不过对于八年前她忤逆自己的意思,还让两个男人护送着离开,他一直心存不悦。

八年了,看来是清算总帐的时候。

拓跋尘的视线落在眼前的安煊身上,这个漂亮的女孩,会是他们的女儿?

拓跋尘细细的打量着这女娃,试图想从她的脸上找出像自己或者安陵愁月的地方,可是他看了许久,除了她的眉宇神似安陵愁月外,没有一个地方能找到和他的共同点。

因为她神似安陵愁月,所以他纵容这个女娃闯进自己的府邸,也因为她神似安陵愁月,所以他放任这个女娃的玩心。

安煊能够坐在这里,皆因为她眉宇间,神似安陵愁月。

“不重。”安煊摇头说,“娘说她的工作很轻松的。”

轻松?拓跋尘的眼里闪过一抹恶劣,他从来最见不得她轻松的了……他的心跳动得厉害,每个细胞都在叫嚣着要去结束她轻松的日子……

想到这里,他心情大好,等不及安陵愁月自己走进尘王府,忍不住想先去会会她了。

八年了,八年没有交手了,他是多么的想念她,她可知道?

“你娘是在哪个地方工作?”

“集玉堂。”安煊笑着大声回答,就是个不谙世事的孩子般。

拓跋尘一僵,眼里瞬间迸出利刀般的寒芒。

集玉堂

全城最大的妓院!

她竟然在那种地方干活?

他微微眯起了眼,眼里闪着危险的光芒,薄唇紧抿透着强烈的不悦。

她竟然出卖自己的身体!

轩辕真呢?洋澈呢?他们怎么可能会允许她出场自己的身体?

拓跋尘的拳头握紧,青筋隐隐跳动着,邪魅的眼里凝聚怒火。

安煊则依旧笑着,而且笑得很甜,只是如果细看的话,会发现那是抹贼兮兮的笑。

这个夜晚,安煊选择了拓跋尘隔壁的房间住下,她轻敲了下两房之间的那堵墙,“看来今晚有人睡不住了。”

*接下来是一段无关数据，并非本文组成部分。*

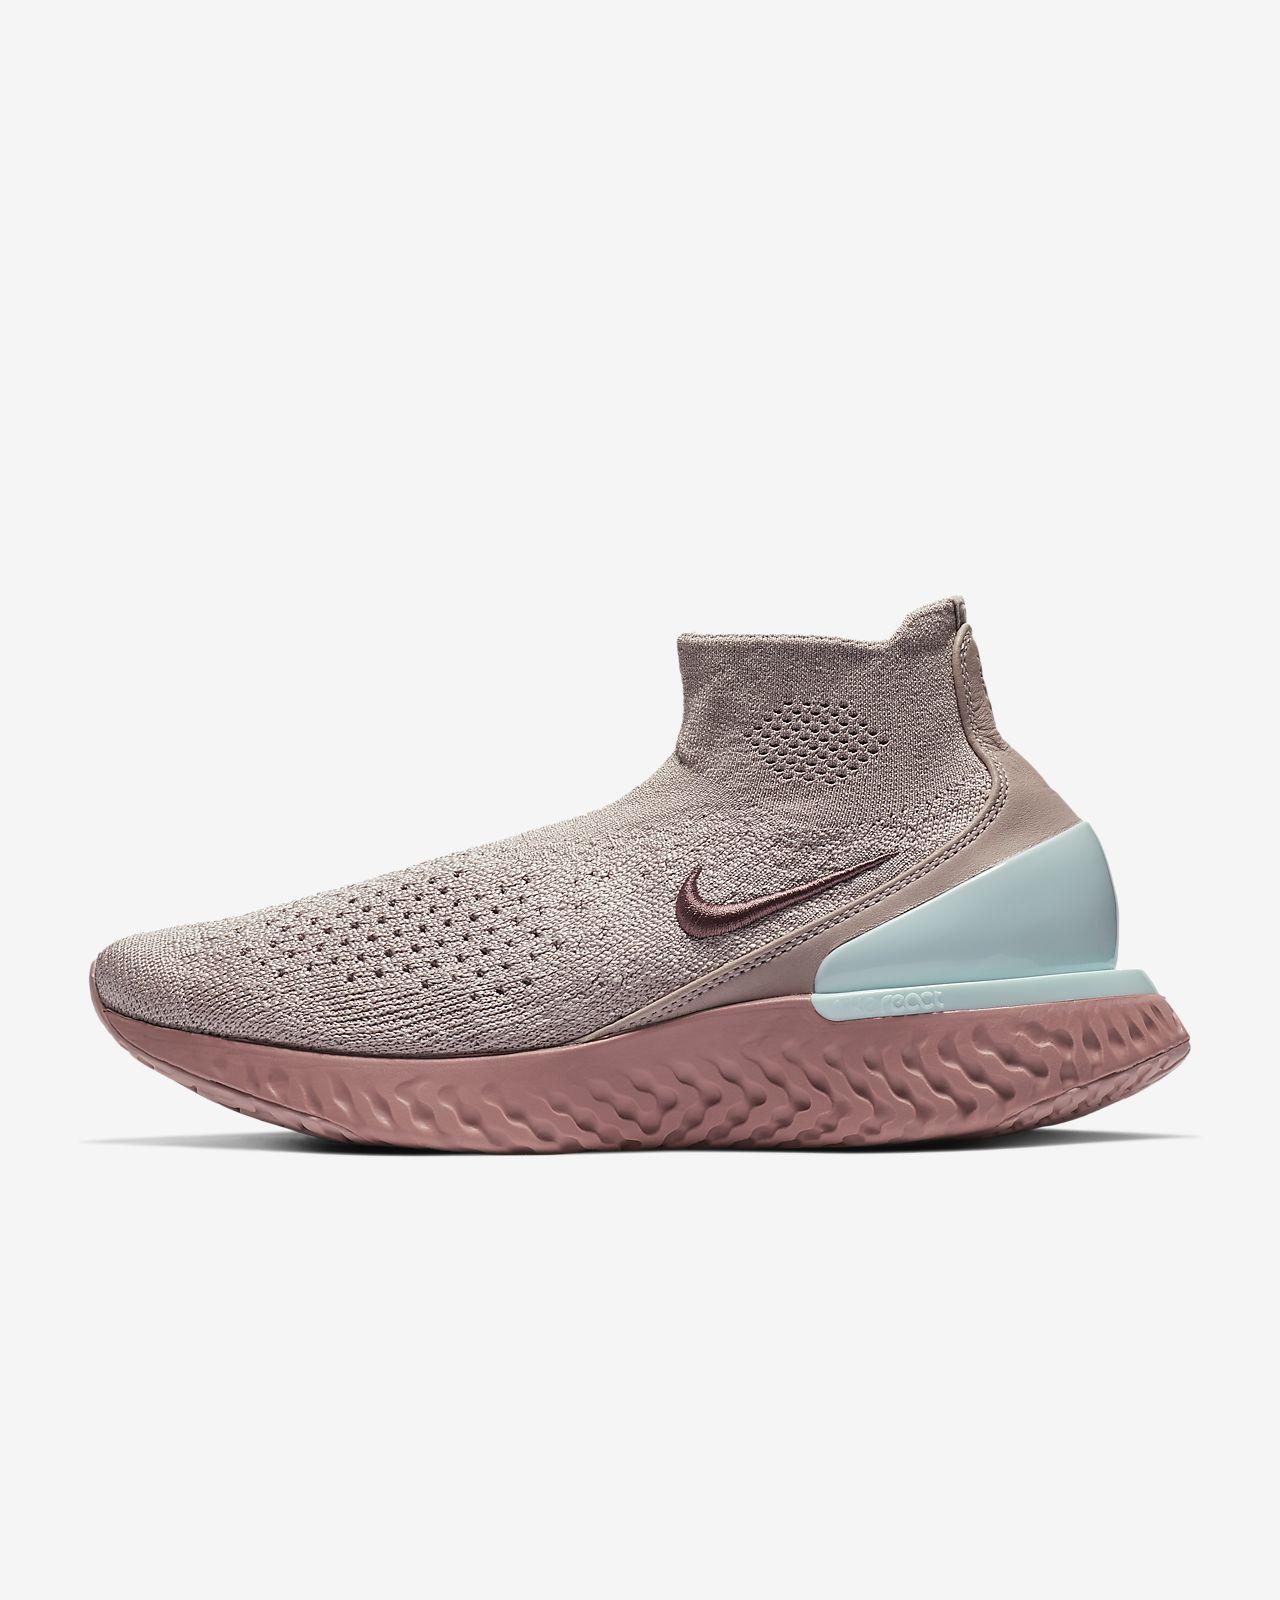 Damskie buty do biegania Nike Rise React Flyknit

此时的她,脸上哪还有什么童真,有的是与大人无异的深沉笑容。

入夜后的集玉堂热闹万分,歌舞笑语声绵绵不断,几个衣着暴露的女人站在大门口,手中的丝巾随着风向摇摆着,散发出勾人的香气。

从这里走进去的男人,如果看不见太阳,那是不会再出来的了。

“咦,这不是尘王爷吗?”

刚走出大门口的集玉堂老板娘在门口顿了下,下一刻想往回走,娇俏的身子却被一个姑娘给推了出来,她脸色微微一僵,而后还是笑着赶紧迎了上去,露出谄媚的笑容,“尘王爷,咱们集玉堂里什么女人都有,只有你想不出来的,没有你要不到的。”

☆、退婚(6)

集玉堂可是全城最大的一家妓院,除了里头的姑娘应有俱有外,还有另外一个博人心痒的服务,而那种服务也是让集玉堂经久不衰的最主要原因。

莫非尘王爷就是慕名而来的?

想到此,凤娘双眼发亮起来,她的双眼上下打量着拓跋尘。

这无疑的是一个俊美的男人,他慵懒的笑着,可那笑却是世上最叫人销魂的邪恶笑容,当他一站到门口,她满屋子的姑娘都围了下来。

可是她们不敢有任何的动作,她们谁都想伺候他,可又谁都不敢未经同意就靠近他。

不是因为尘王爷是他,而是因为他是尘王爷,他这个人本身的气场盖过了他的身份,给人一种由内而外的淡陌感。

所以她围了上来,却谁也不敢妄动,就这么眼巴巴的看着他,希望他能注意到自己……

凤娘瞥了那些姑娘一眼,“王爷您瞧,有没有看中的?如果没有的话,屋里还有一堆呢。”

她集玉堂可是全城最大的妓院,资源广博,要什么样的有什么样,对于这一点,凤娘可是相当有自信的。

“安陵愁月。”

冷不丁的,拓跋尘低沉的嗓音传入耳内,凤眼一怔,“安陵愁月?喔,就是那个……尘王妃啊。”

凤眼想到三天前尘王府大肆召告的消息,说起来也真是怪,尘王爷贵为皇子,又是全城最拔尖的男人,要什么样的女人没有,居然去封一个失踪的女人为正室尘王妃,这也太奇怪了。

除了这个,更奇怪的是,刚封妃不久,他又收了个七岁的女娃儿当侧妃,听说明天就要举行大婚,可今晚他又来集玉堂……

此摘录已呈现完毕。